Moving against racism step by step

On Saturday, Sept. 10, the St. Louis North City Deanery sponsored a Year of Mercy Pilgrimage, Crossing the Delmar Divide. In St. Louis, Delmar Boulevard runs east and west and is considered the dividing line between white and black housing, business and recreation. Nine Catholic churches and one community center are north of Delmar (the side that is majority black).

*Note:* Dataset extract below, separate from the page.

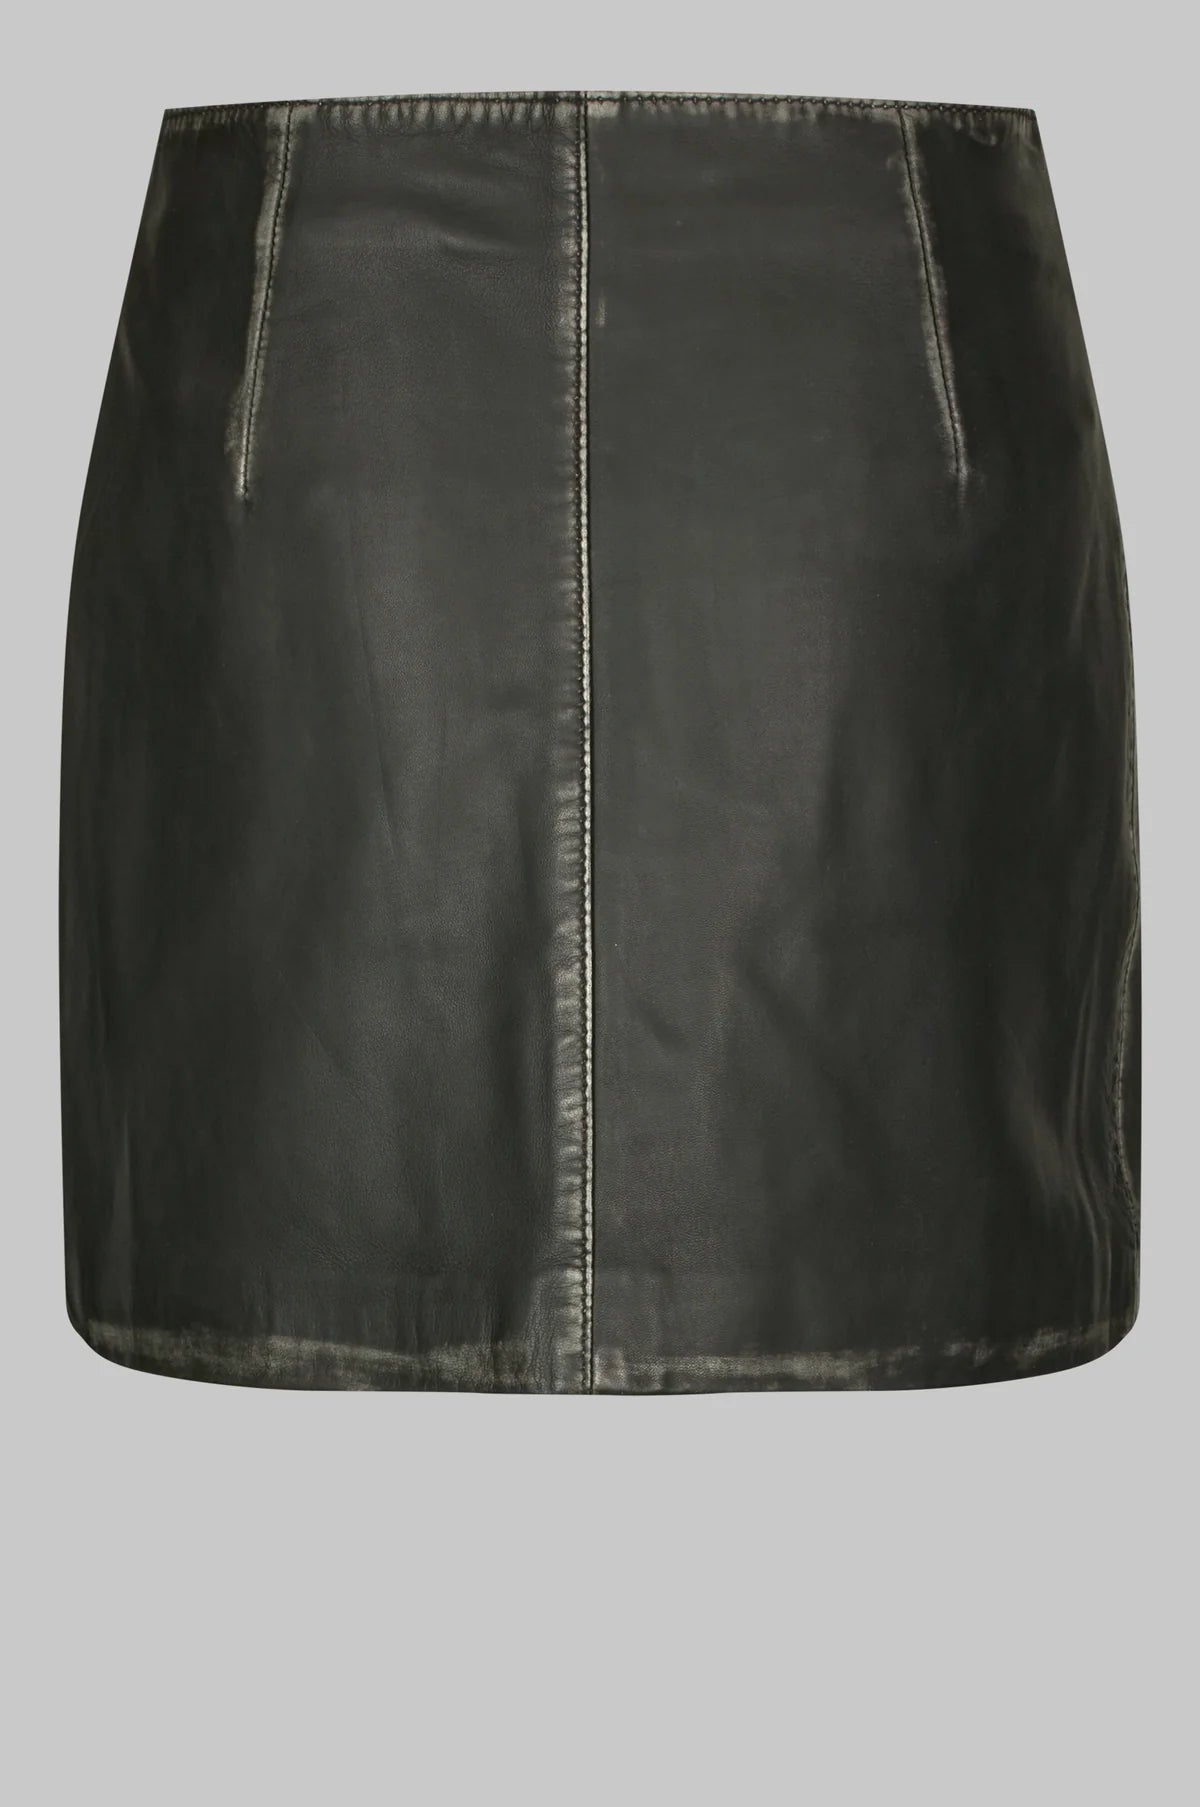 Oval Square OS Rocker Leather Skirt // Vintage Black

The pilgrims, 300 of us, only walked a little more than a mile, not the 10 or 12 miles it would have taken to visit all the churches. Parishioners, students, priests and sisters, mostly white, began at St. Louis University and walked north across Delmar. Then we walked west and south again to the Cathedral Basilica of St. Louis which is a member of the North City Deanery (though south of Delmar). We paused six times during the pilgrimage to pray for church unity, justice and the grace to act justly and with mercy.

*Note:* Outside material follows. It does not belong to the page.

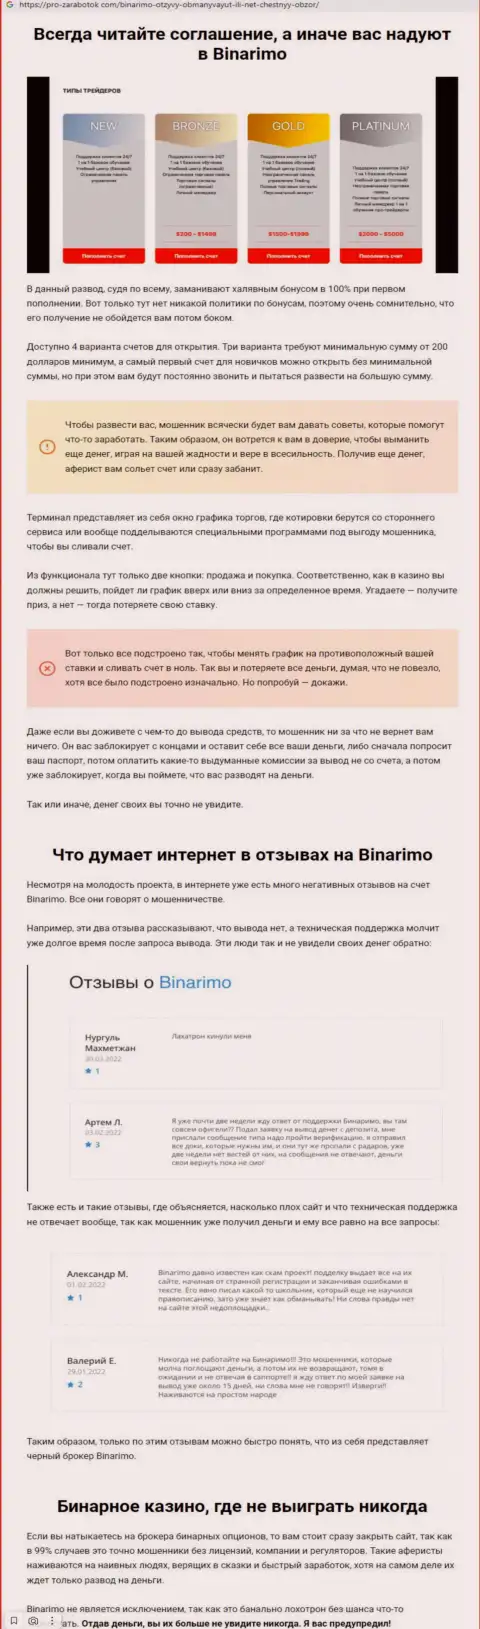 Binarimo - это internet разводилы, которым деньги отправлять нельзя ни при каких обстоятельствах (обзор)

At the cathedral, we entered through the Door of Mercy, singing "Amazing Grace." Then we went next door to Catholic Charities for lunch while preparations continued in the cathedral for the funeral of Phyllis Schlafly, which was attended by Donald Trump.

During the walk we prayed the Beatitudes, the Works of Mercy and the Anyway Litany which doesn’t have any attribution in the program but which I'm including here for its perceptive humor and simple prescriptions:

Leader: People are often unreasonable, illogical and self-centered.
Response: Forgive them anyway.

L: If you are kind, people may accuse you of selfish, ulterior motives.
R: Be kind anyway.

L: If you are successful, you will win some false friends and some true enemies.
R: Succeed anyway.

L: If you are honest and frank, people may cheat you.
R: Be honest and frank anyway.

L: What you spend years building, someone could destroy overnight.
R: Build anyway.

L: If you find serenity and happiness, others may be jealous.
R: Be happy anyway.

L: The good you do today, people may forget tomorrow.
R: Do good anyway.

L: Give the world the best you have and it may never be enough.
R: Give the world the best you have anyway.

L: You see, in the final analysis, it is between you and God.
R: It was never between you and them anyway.